■ Supplied data:
= = = = = = =

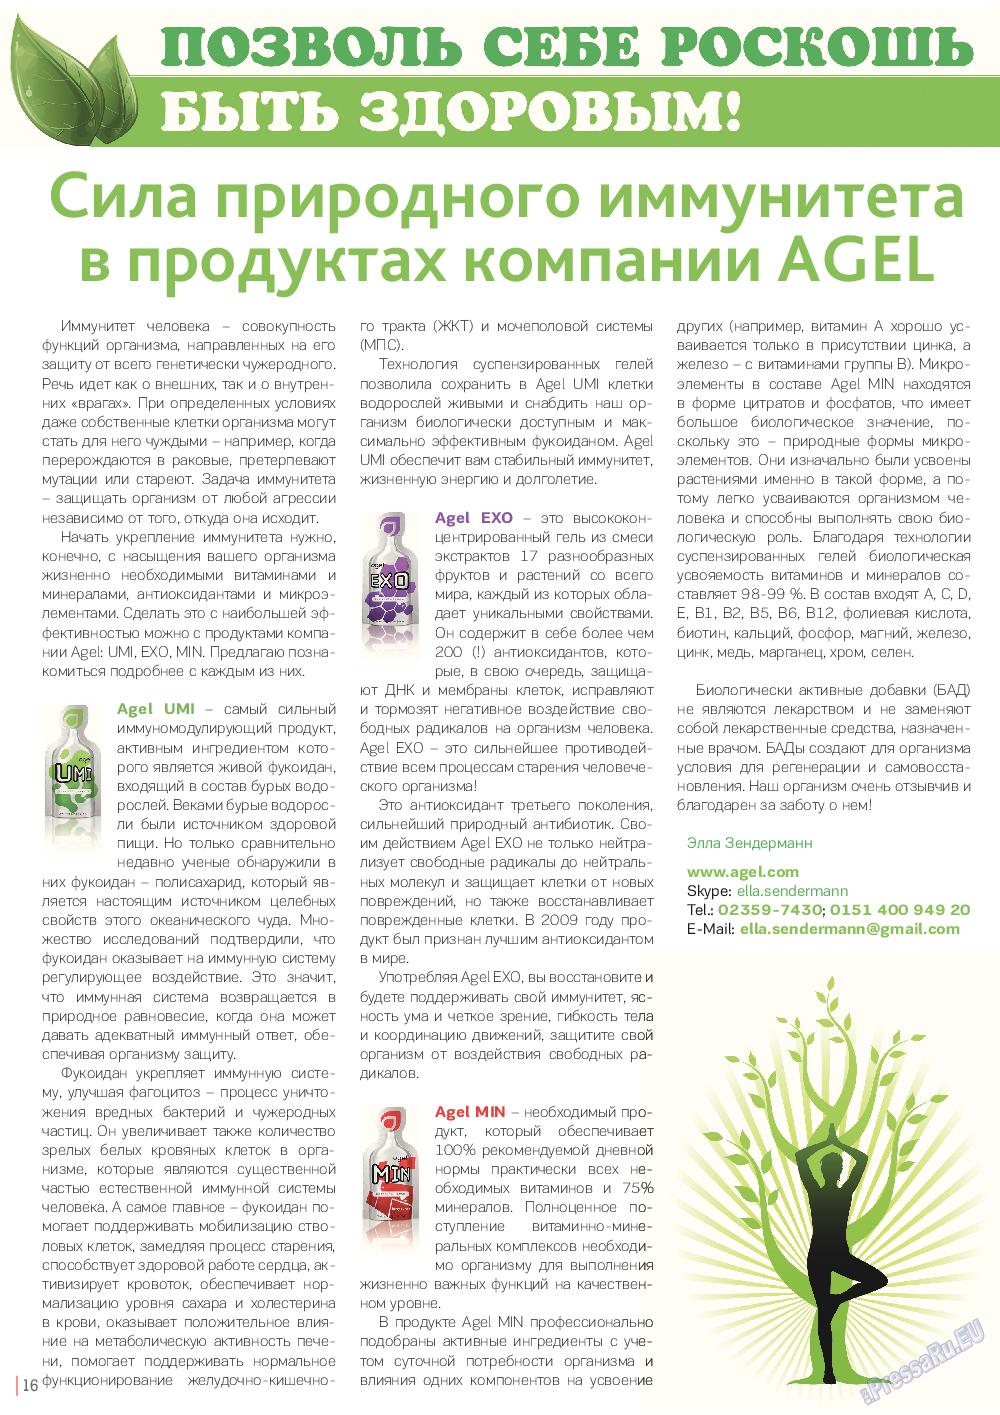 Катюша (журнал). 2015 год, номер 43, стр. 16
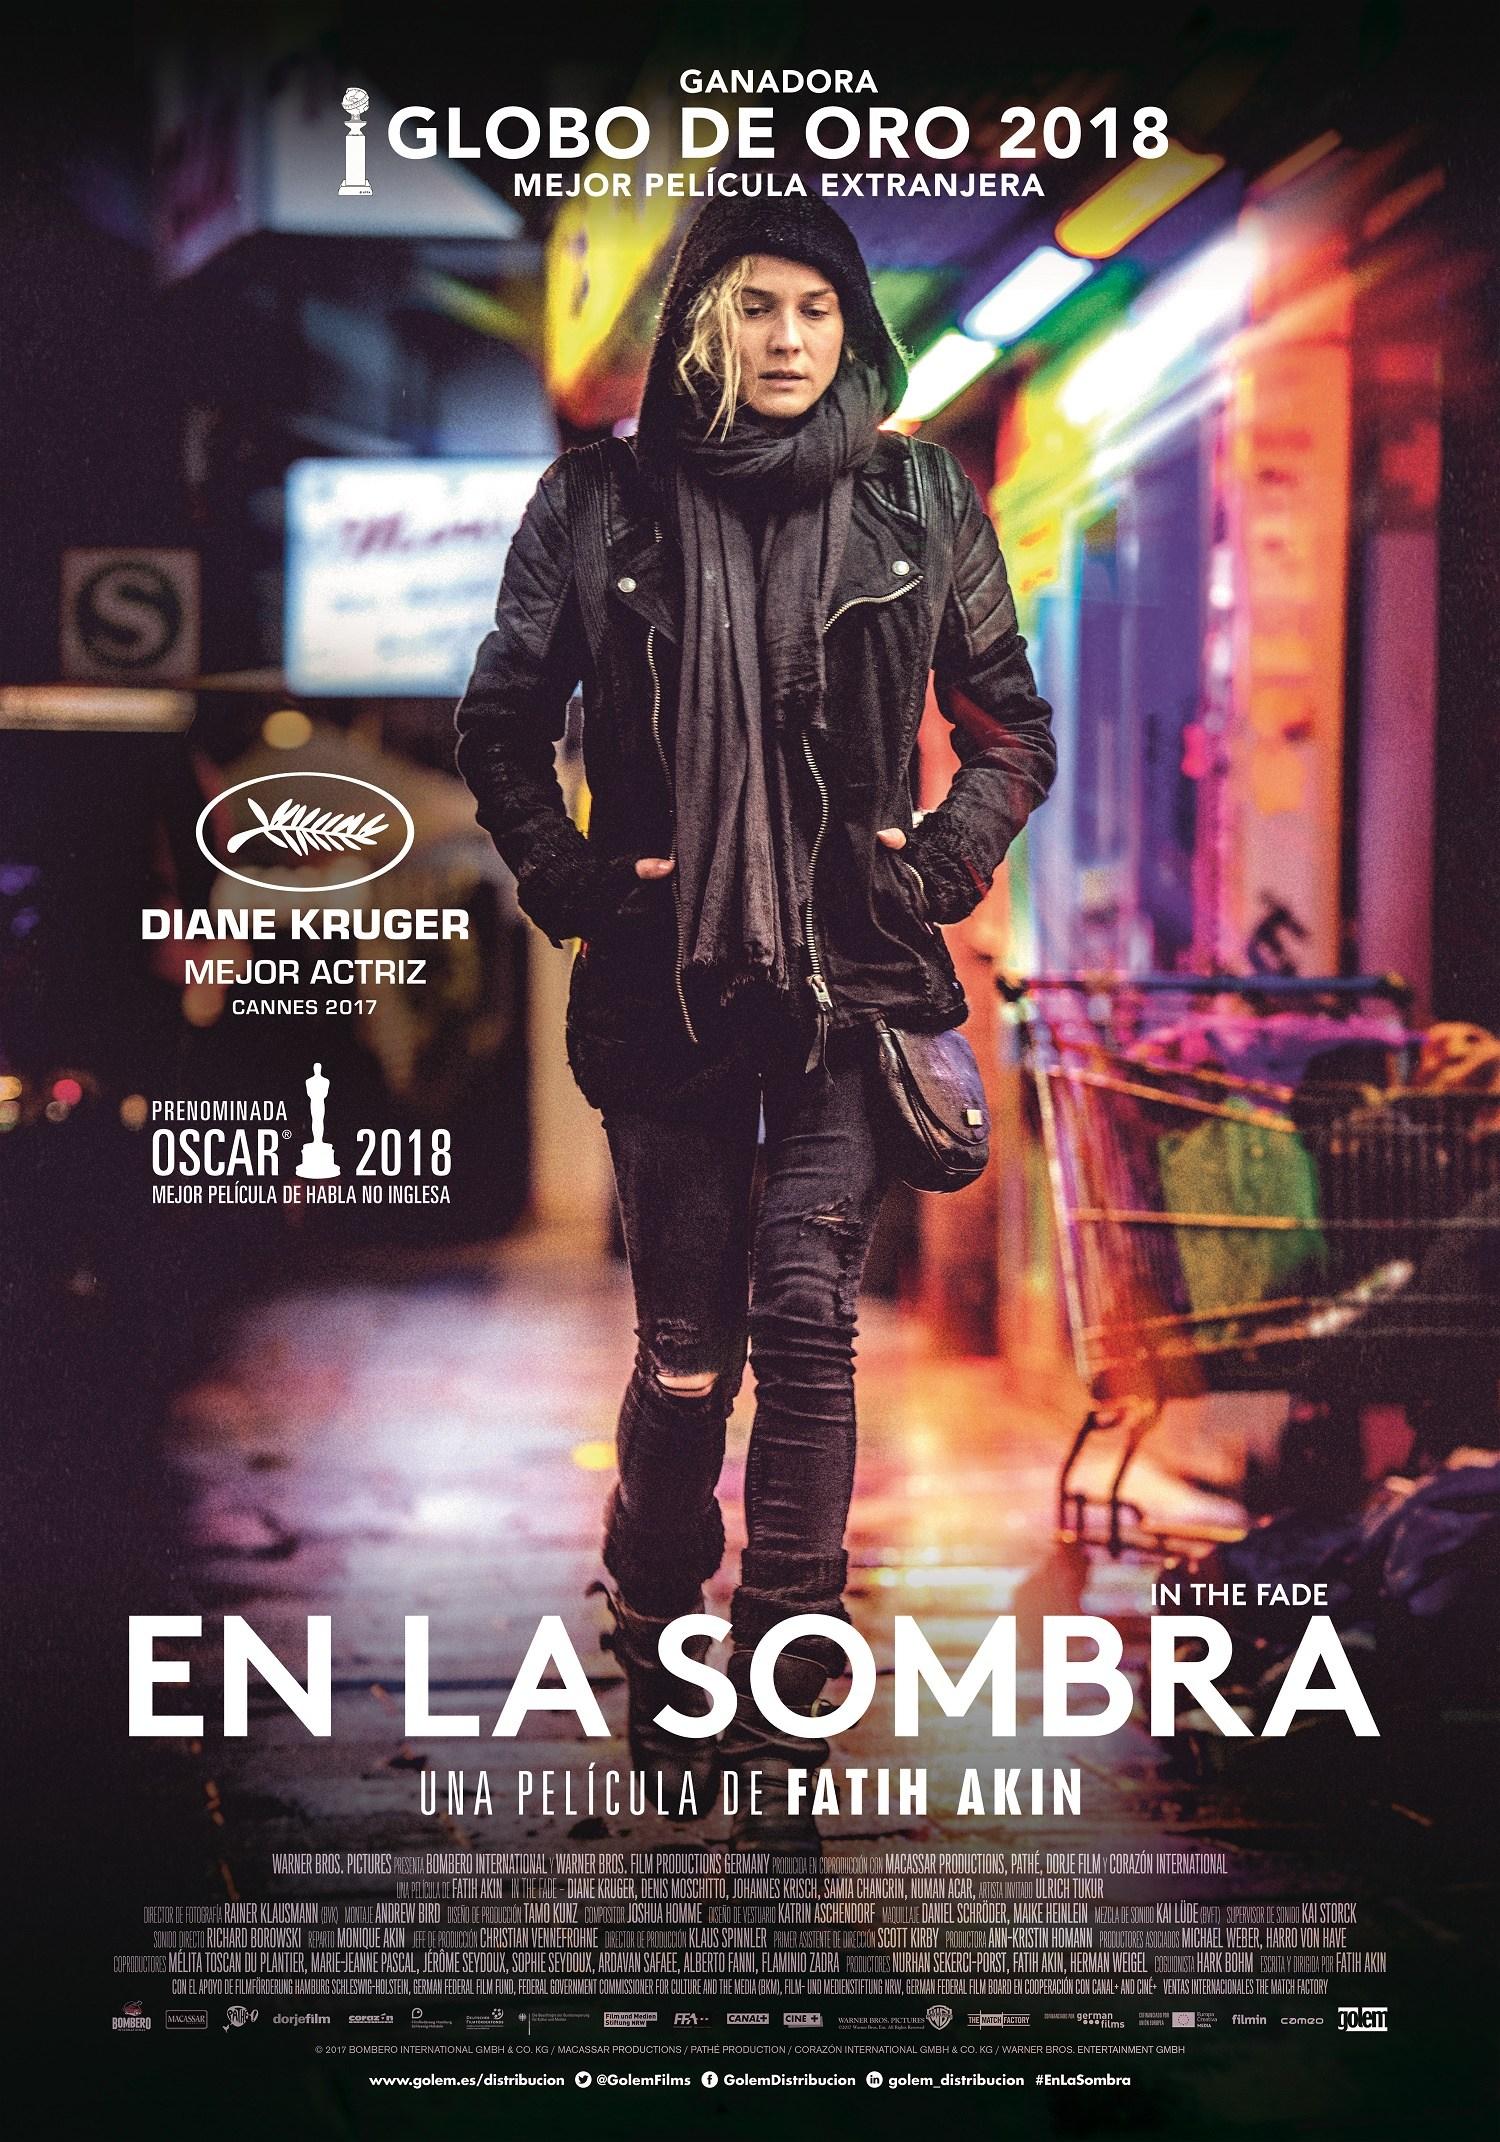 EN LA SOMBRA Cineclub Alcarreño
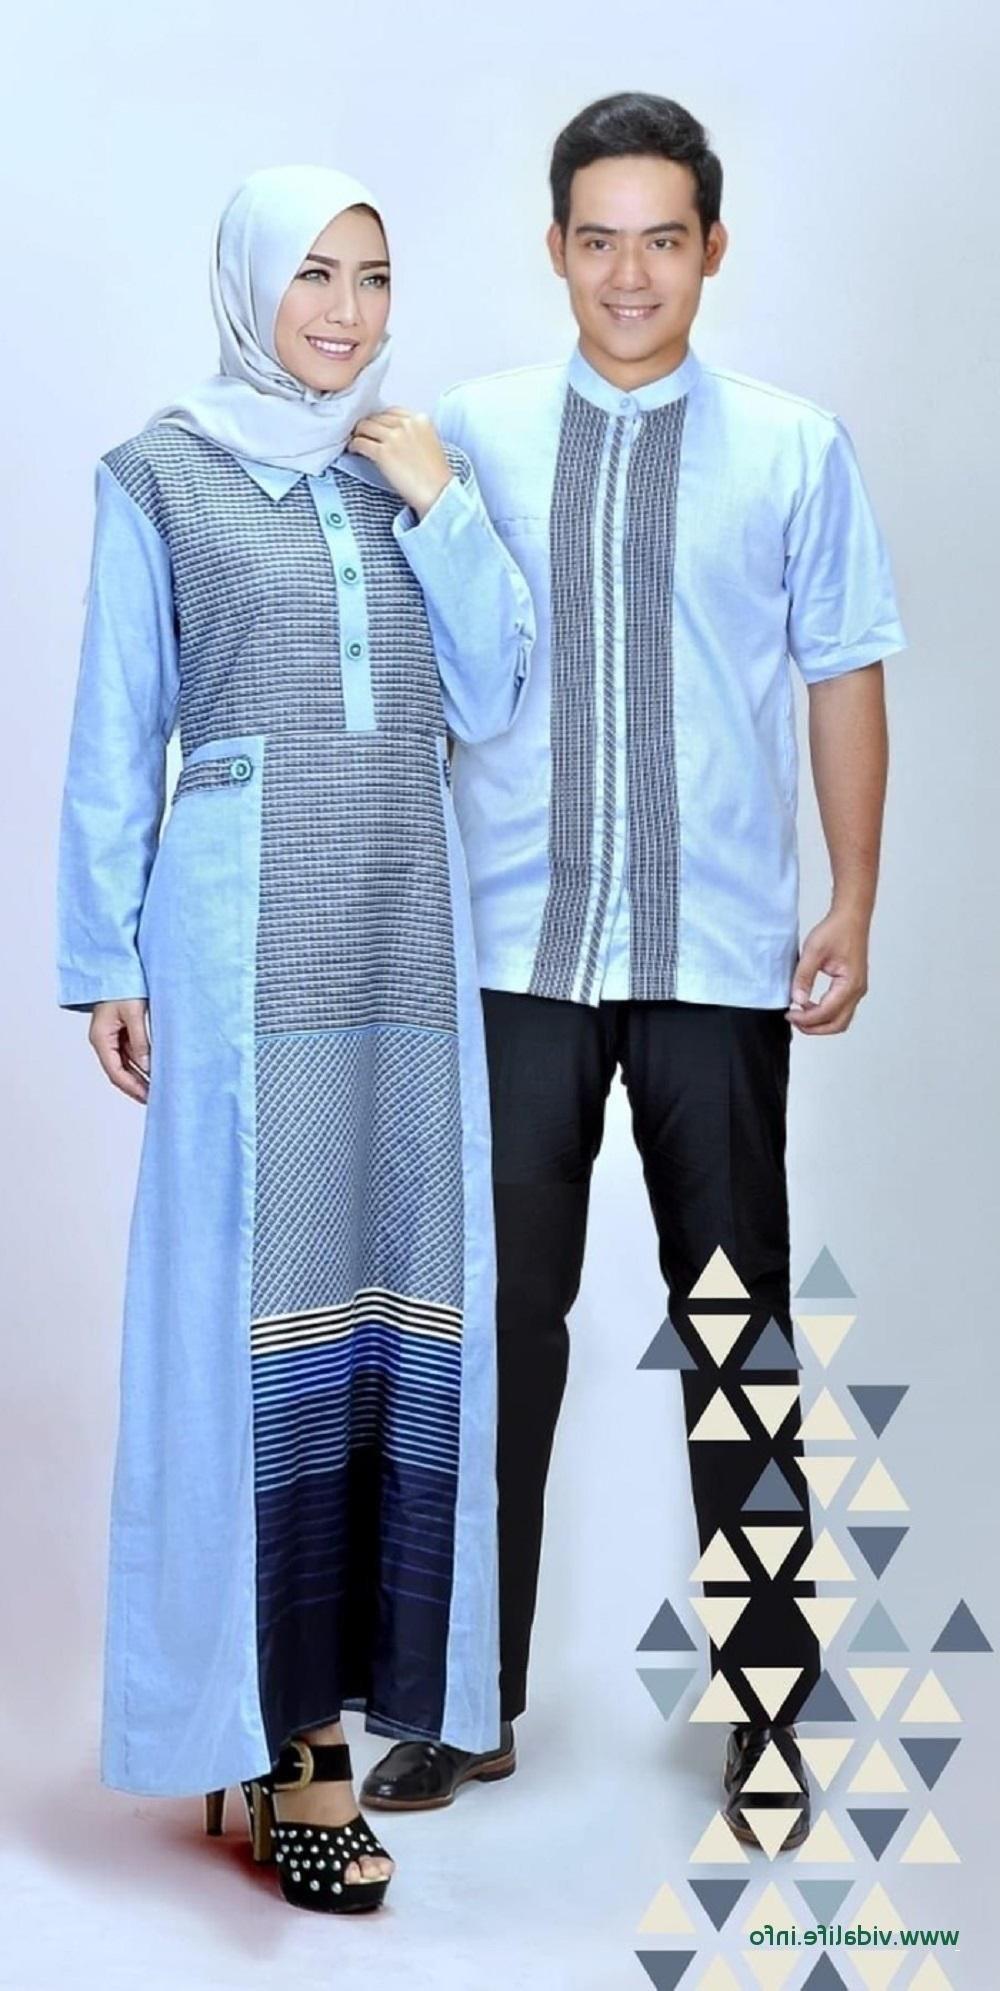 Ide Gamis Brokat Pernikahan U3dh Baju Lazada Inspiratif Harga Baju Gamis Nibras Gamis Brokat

= = = = = = =

■ Exercise requirements: In the copy, include no pictures; restate the listing above exactly.

■ Written answer:
 Катюша (журнал). 2015 год, номер 43, стр. 16
 EN LA SOMBRA Cineclub Alcarreño
 Ide Gamis Brokat Pernikahan U3dh Baju Lazada Inspiratif Harga Baju Gamis Nibras Gamis Brokat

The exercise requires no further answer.